### WHAT IS REQUIRED:
Return all of the listing word for word; the pictures stay out.

### STORED DATA:
· · · ·

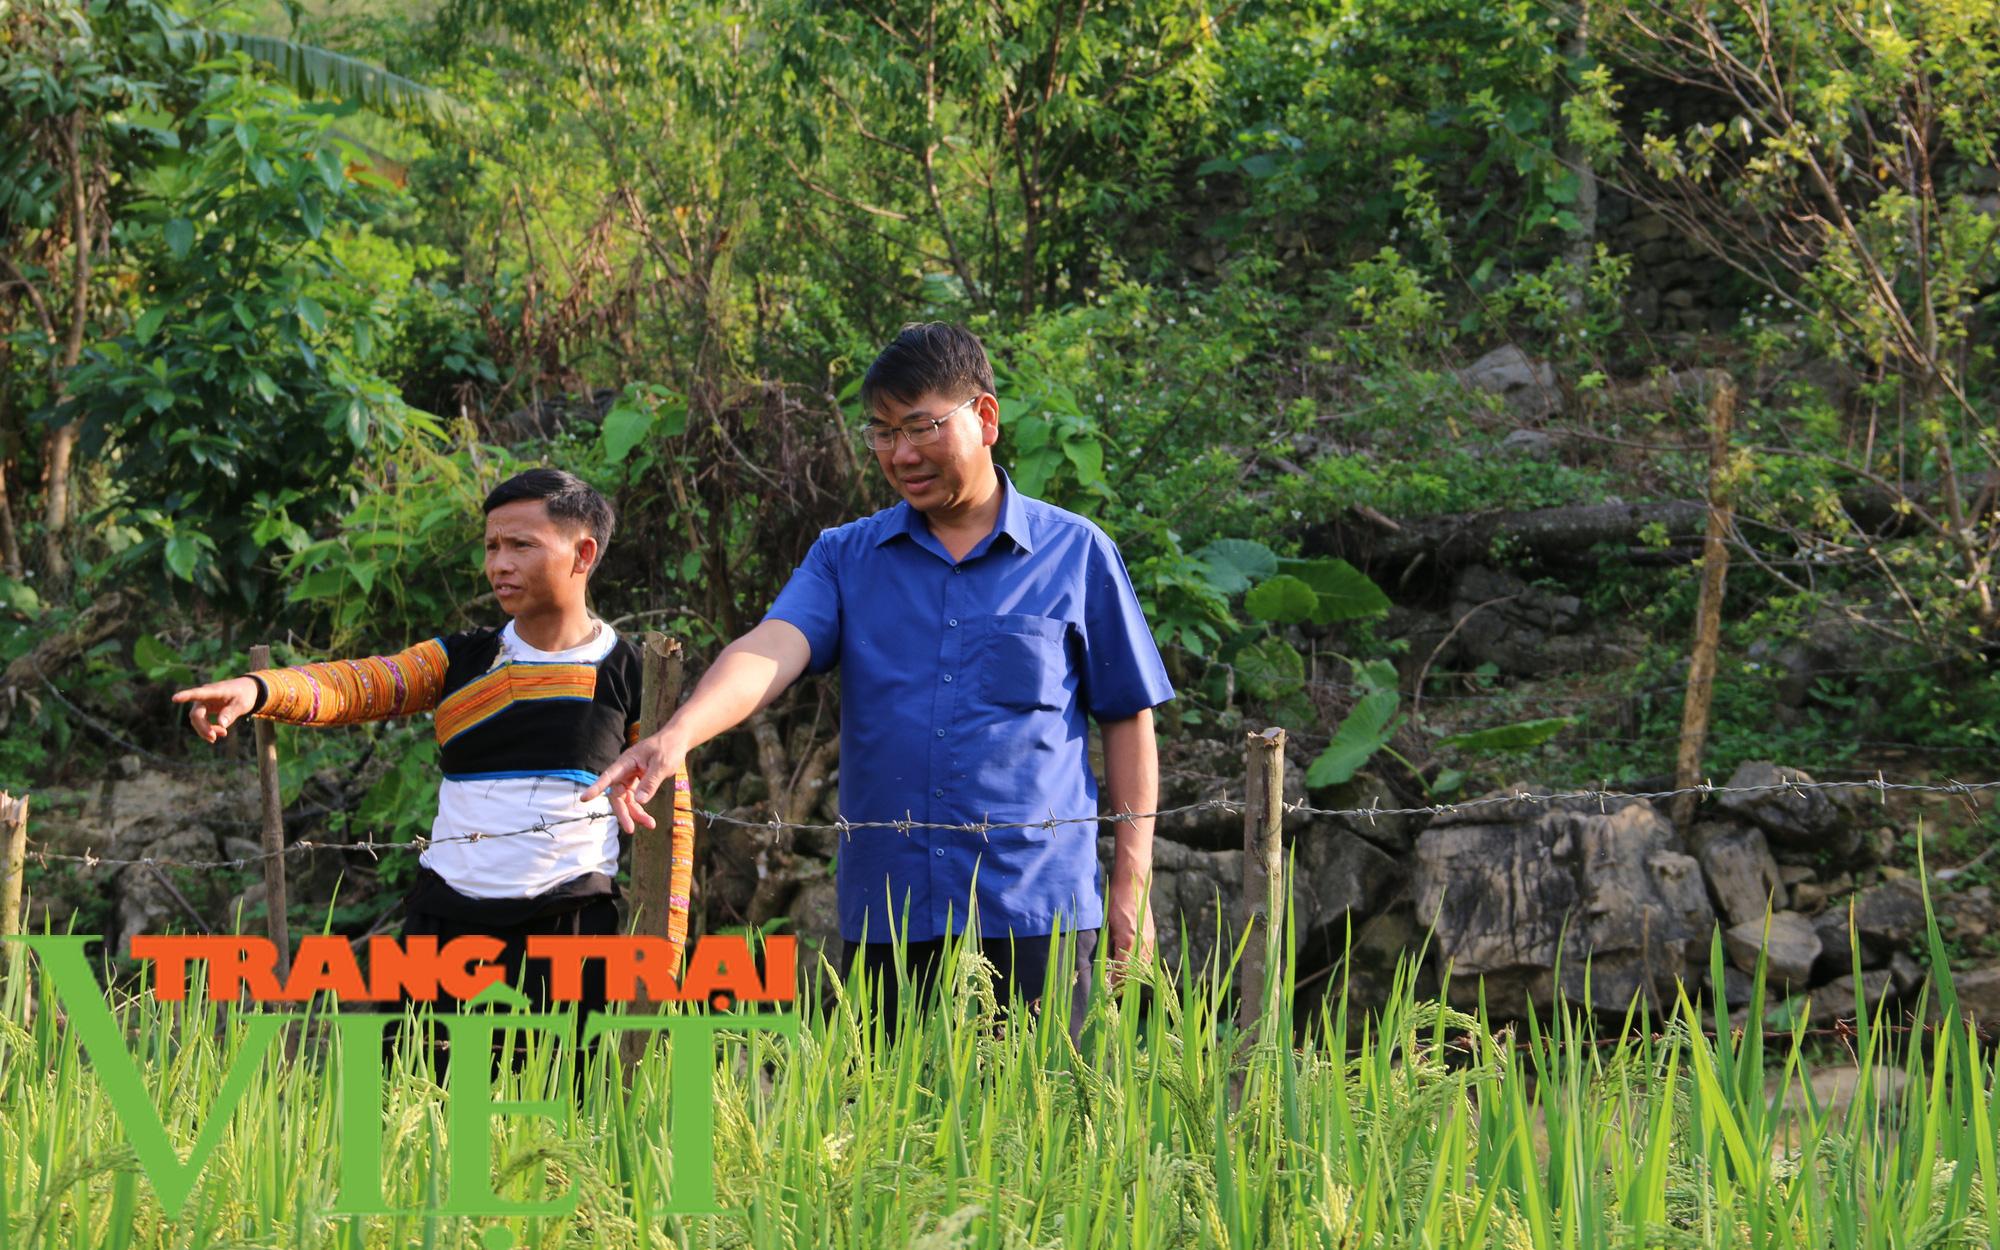 Nông dân dạy nông dân, giúp nhau làm giàu thiết thực
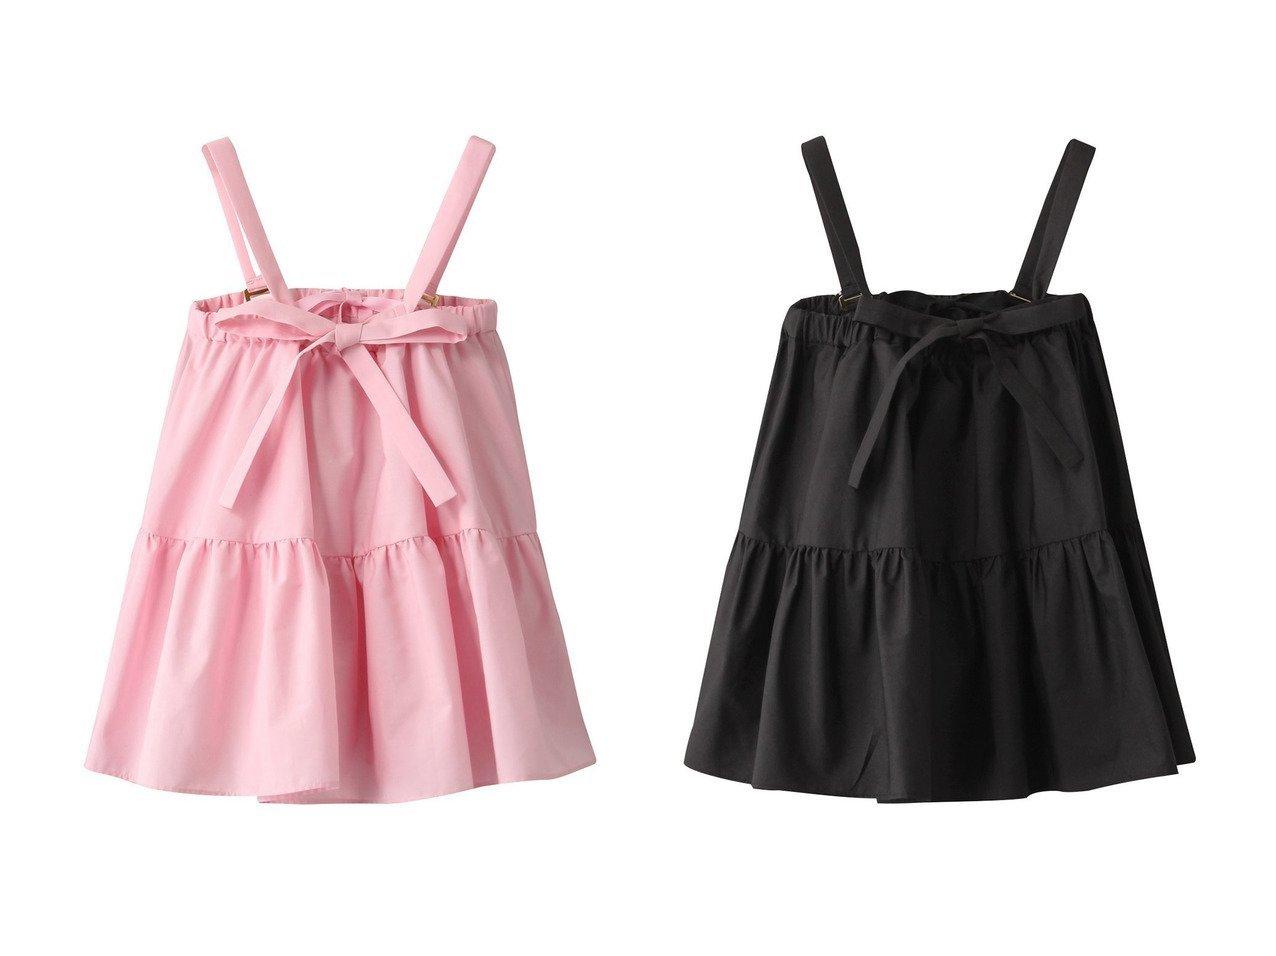 【AMICA / KIDS/アミカ】の【Baby&Kids】2wayクリノリンドレス 【KIDS】子供服のおすすめ!人気トレンド・キッズファッションの通販 おすすめで人気の流行・トレンド、ファッションの通販商品 メンズファッション・キッズファッション・インテリア・家具・レディースファッション・服の通販 founy(ファニー) https://founy.com/ ファッション Fashion キッズファッション KIDS ワンピース Dress/Kids 2021年 2021 2021春夏・S/S SS/Spring/Summer/2021 S/S・春夏 SS・Spring/Summer おすすめ Recommend チュニック ドレス 春 Spring  ID:crp329100000028961
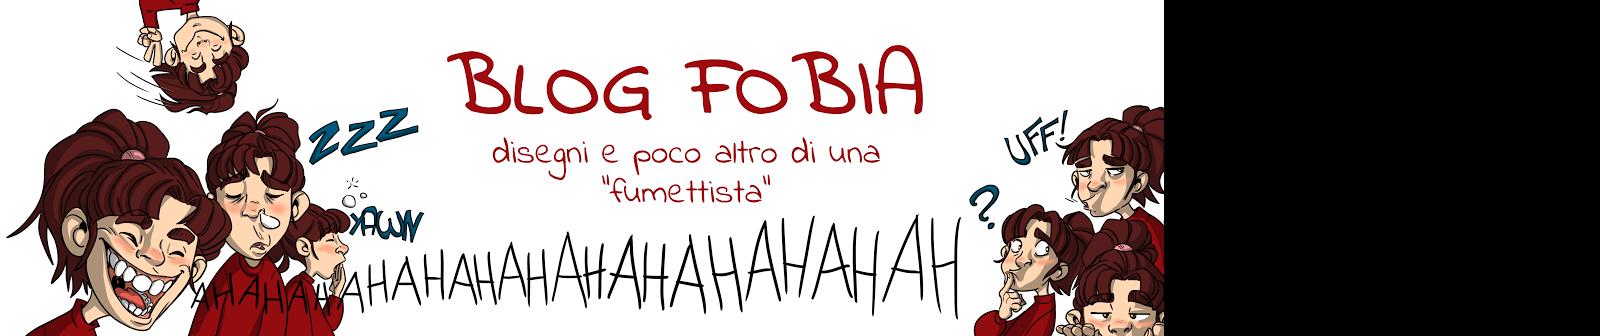 Blog Fobia

· · · ·

### OUTPUT FOR THIS TASK:
 Nông dân dạy nông dân, giúp nhau làm giàu thiết thực
 【AMICA / KIDS/アミカ】の【Baby&Kids】2wayクリノリンドレス 【KIDS】子供服のおすすめ!人気トレンド・キッズファッションの通販 おすすめで人気の流行・トレンド、ファッションの通販商品 メンズファッション・キッズファッション・インテリア・家具・レディースファッション・服の通販 founy(ファニー) https://founy.com/ ファッション Fashion キッズファッション KIDS ワンピース Dress/Kids 2021年 2021 2021春夏・S/S SS/Spring/Summer/2021 S/S・春夏 SS・Spring/Summer おすすめ Recommend チュニック ドレス 春 Spring  ID:crp329100000028961
 Blog Fobia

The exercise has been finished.